*What you are asked to do*. Look through the data below. Show each line where the string "More" occurs.

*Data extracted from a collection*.

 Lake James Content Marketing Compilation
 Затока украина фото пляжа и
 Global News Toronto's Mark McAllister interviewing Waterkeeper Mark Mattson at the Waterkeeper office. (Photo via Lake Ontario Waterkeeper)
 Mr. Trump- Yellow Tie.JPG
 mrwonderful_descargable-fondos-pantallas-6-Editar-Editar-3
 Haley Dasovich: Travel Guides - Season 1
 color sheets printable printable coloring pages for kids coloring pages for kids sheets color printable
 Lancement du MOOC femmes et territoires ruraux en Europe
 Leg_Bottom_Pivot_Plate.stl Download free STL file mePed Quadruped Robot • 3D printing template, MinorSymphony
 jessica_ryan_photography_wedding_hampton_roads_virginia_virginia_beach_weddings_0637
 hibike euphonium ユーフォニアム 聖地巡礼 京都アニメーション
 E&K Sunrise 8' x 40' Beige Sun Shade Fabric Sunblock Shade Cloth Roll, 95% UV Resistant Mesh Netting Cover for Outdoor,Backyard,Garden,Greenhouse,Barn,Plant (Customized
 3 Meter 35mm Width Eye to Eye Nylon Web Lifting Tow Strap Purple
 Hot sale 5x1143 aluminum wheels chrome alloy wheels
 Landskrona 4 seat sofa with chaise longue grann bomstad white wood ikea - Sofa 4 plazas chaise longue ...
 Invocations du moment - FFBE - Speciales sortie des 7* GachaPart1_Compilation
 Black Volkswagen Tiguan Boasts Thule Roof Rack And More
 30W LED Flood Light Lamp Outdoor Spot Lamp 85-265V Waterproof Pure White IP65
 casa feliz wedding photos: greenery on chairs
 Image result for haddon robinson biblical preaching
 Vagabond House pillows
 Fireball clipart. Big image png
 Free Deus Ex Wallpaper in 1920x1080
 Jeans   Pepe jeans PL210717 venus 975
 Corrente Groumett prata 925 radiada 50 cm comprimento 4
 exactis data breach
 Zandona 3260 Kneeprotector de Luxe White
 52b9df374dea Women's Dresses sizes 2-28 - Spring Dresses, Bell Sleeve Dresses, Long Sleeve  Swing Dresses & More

*Task solution*.
 Black Volkswagen Tiguan Boasts Thule Roof Rack And More
 52b9df374dea Women's Dresses sizes 2-28 - Spring Dresses, Bell Sleeve Dresses, Long Sleeve  Swing Dresses & More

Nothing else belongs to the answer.